クラブカルチャーの歴史において一見変化がなさそうにみえるアンビエントシーンですが、80年代ブライアンイーノによる環境音楽=アンビエントから始まり、クラブカルチャーとともに、アンビエントハウス、そして90年代のチルアウト、チルウエーブ、サウンドスケープ、ダークアンビエントと緩やかに流行があったりします。2000年にウォルフガング・ヴォイトによって始まったPOP AMBIENTもその印象は変化しているように感じます。その印象はより深海の底のように深く、美的で静謐な世界へと向かっているかのよう。その特徴は「ドローン( drone)」と言われる音像です。ドローンは100%キックなし、ビートなしの音楽。ドローンの歴史は古く雅楽やビザンティン聖歌、インドのタンプーラなどをルーツに持津とも言われますが、現代のドローンは、硬質なディープミニマルに重ねてスピンされる音楽です。現代においてはホワイトノイズのような非楽音、波音や風音のサウ
ンドスケープなどをゆっくりと変化させることで作られます。コードがある音楽でも協和音と不協和音の微妙な変化で、「明るくも、暗くもない」持続音作られているのが多いです。みる人によってどのような解釈も可能な抽象絵画のような音像であることが求められます。そしてそれぞれの楽曲を幾層にも重ねていって、フロアの空間の背景となる1時間以上続く音楽体験へと誘う素材集であることも特徴でしょう。これ以外にも2019年初頭に聴く、僕のおすすめアンビエントをいくつか紹介します。ニューヨーク在住の電子音楽家ロリ・スカッコによる2018年のアルバム『Desire Loop』より。ニューヨーク・ブルックリンを拠点とするアンビエント・レーベル〈Mysteries Of The Deep〉から。ここ数年、流行しているモジュラーシンセによるシーケンス音楽。心地よい波紋のようなミニマルミュージックです。

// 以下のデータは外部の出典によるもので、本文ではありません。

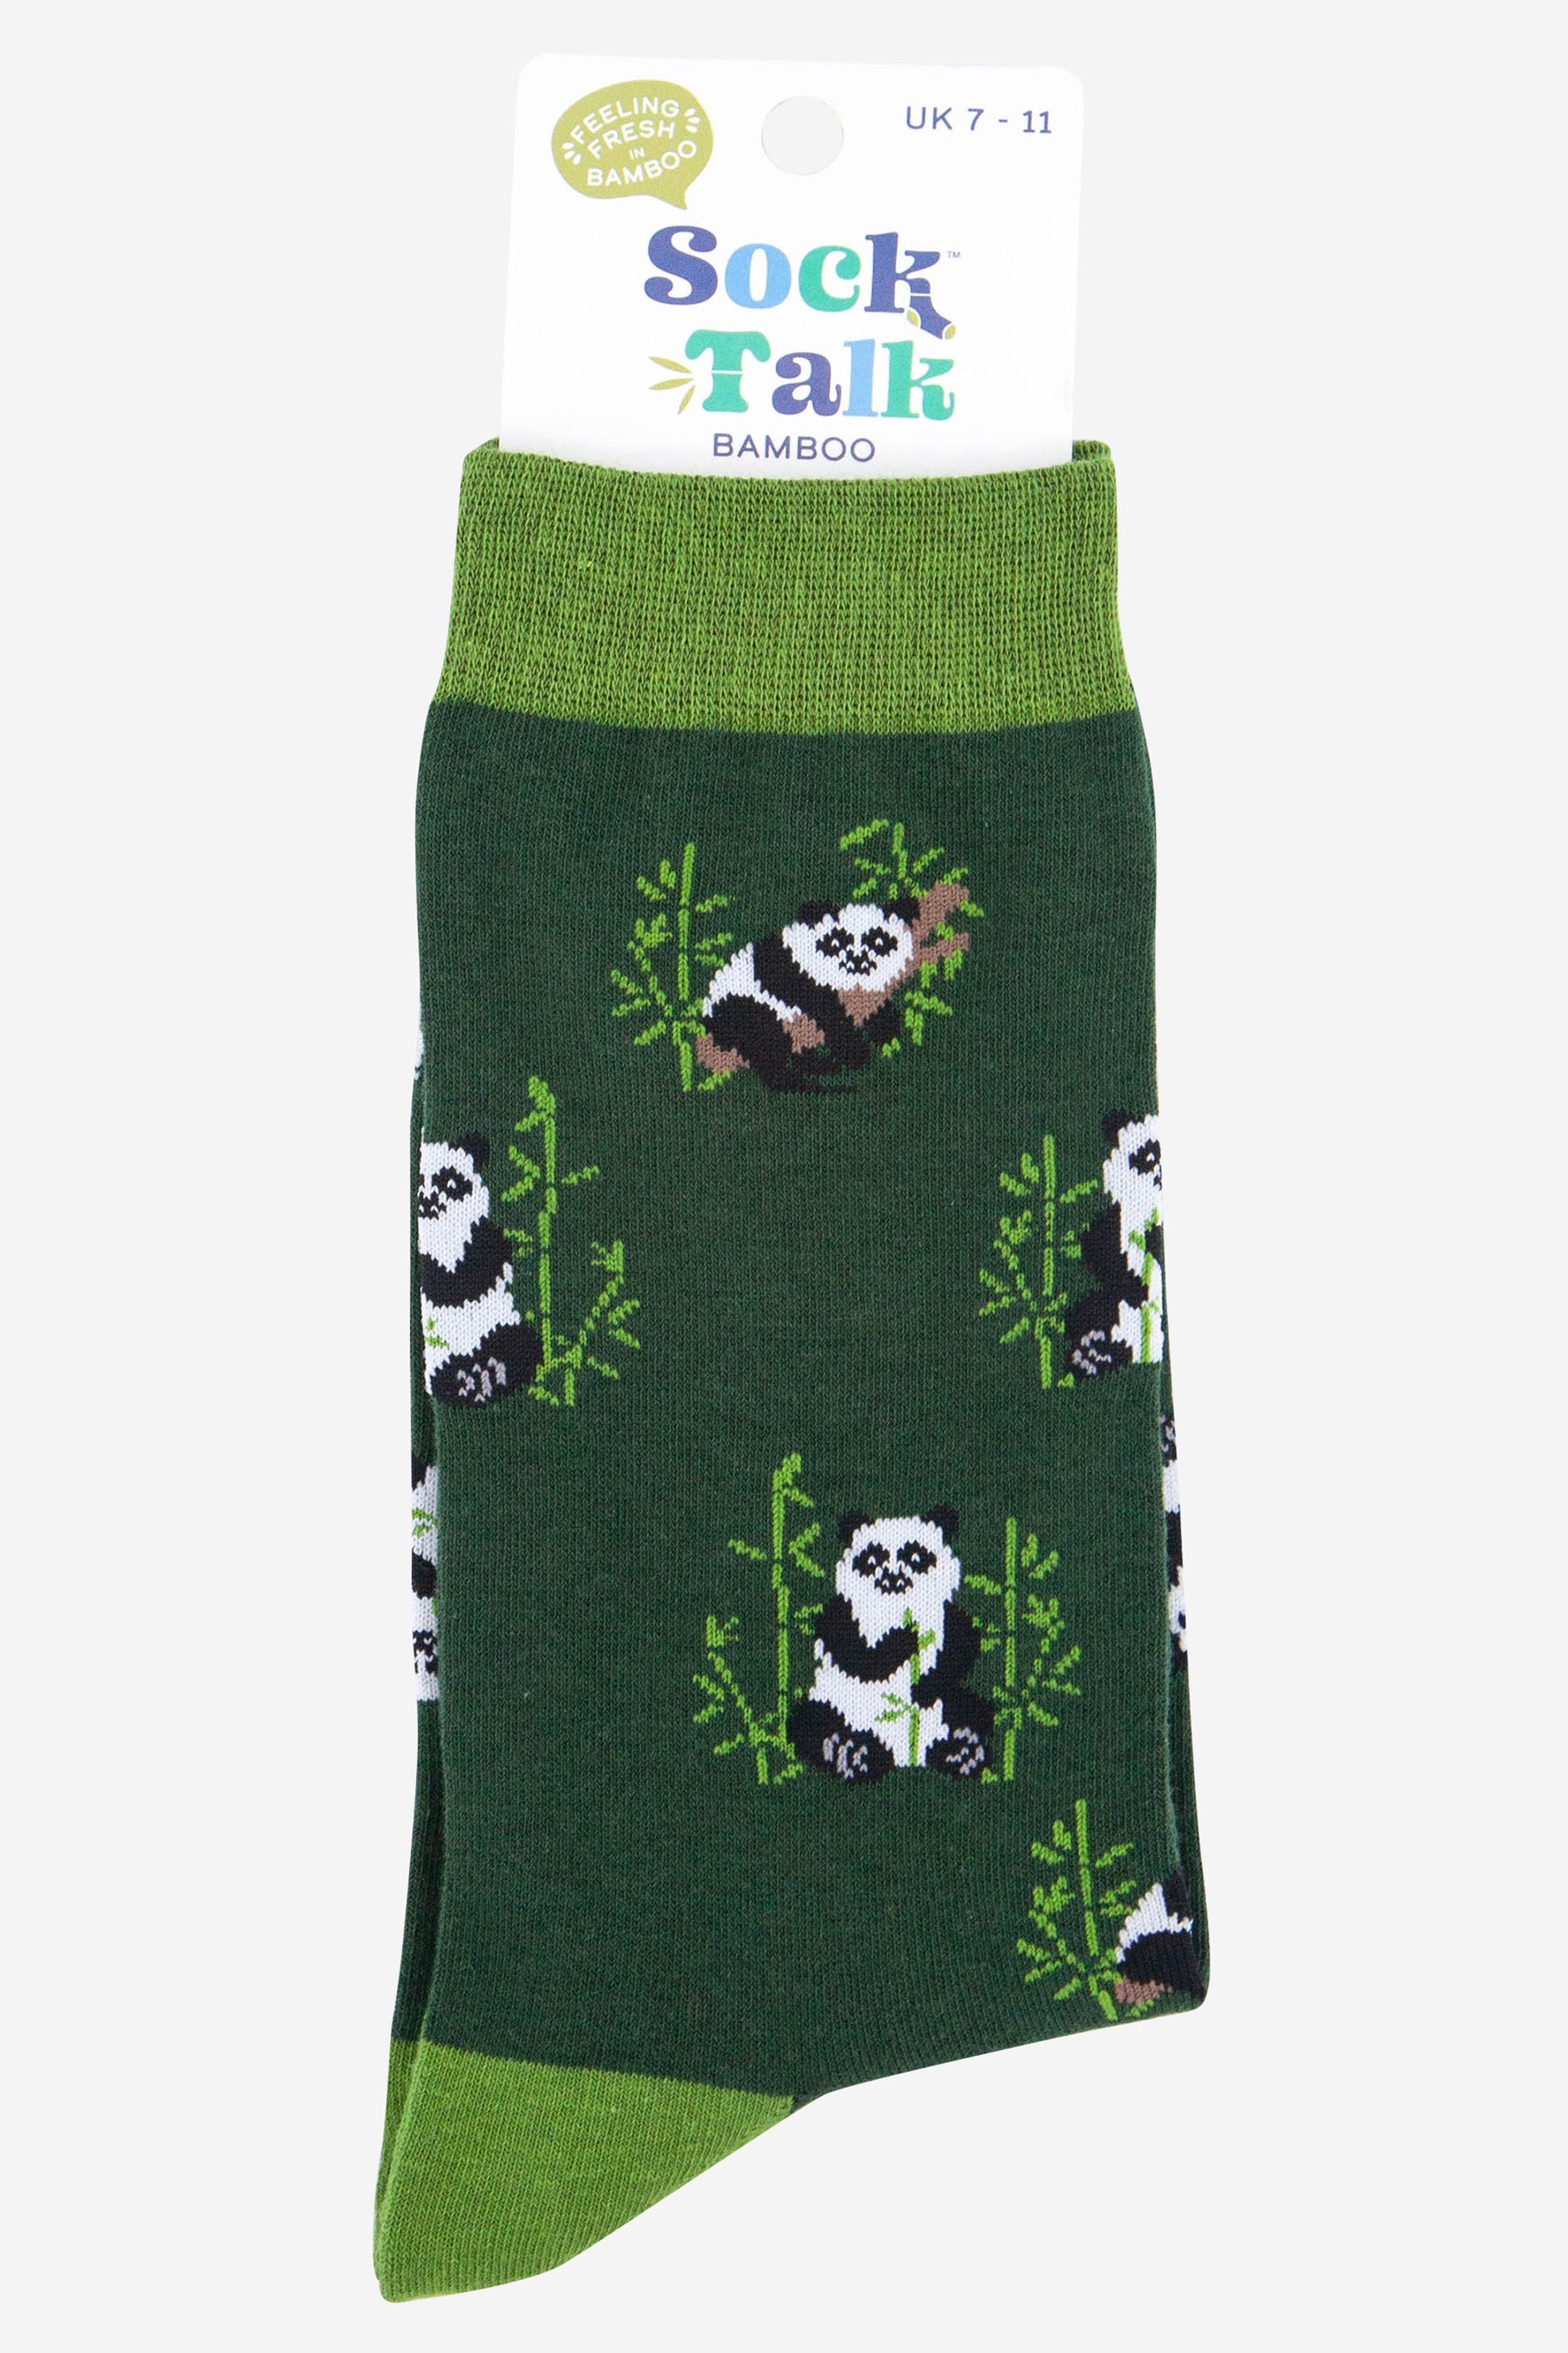 mens panda bamboo socks in green uk size 7-11

Lori Scacco – Strange Cities (Official Video)

2015年のデビュー以来、Pop Ambient にトラックを提供してるトー レ・ファイファー。ドイツのマインツを拠点に活動しているアーティストです。今回のPop Ambient 2019でも存在感を示しています。古い8mmフィルムで撮影された森の中の水辺の風景に深いドローンが響く、印象派ドローンミュージック。

Thore Pfeiffer – Good Life (Official video)

そしてPop Ambient のサウンドプロデューサー、ウォルフガング・フォイトによる個人プロジェクトGasによる2000年の作品「 Pop」。
1時間に渡るアンビエント大曲です。ここからポップ・アンビエントと言われる潮流が始まったと言っても過言ではありません。

Gas – Pop [Full Album]

いかがでしたか?
今回は2019年の最新アンビエントポップを紹介してみました。
ミズベリングミュージック、本年もよろしくお願いいたします。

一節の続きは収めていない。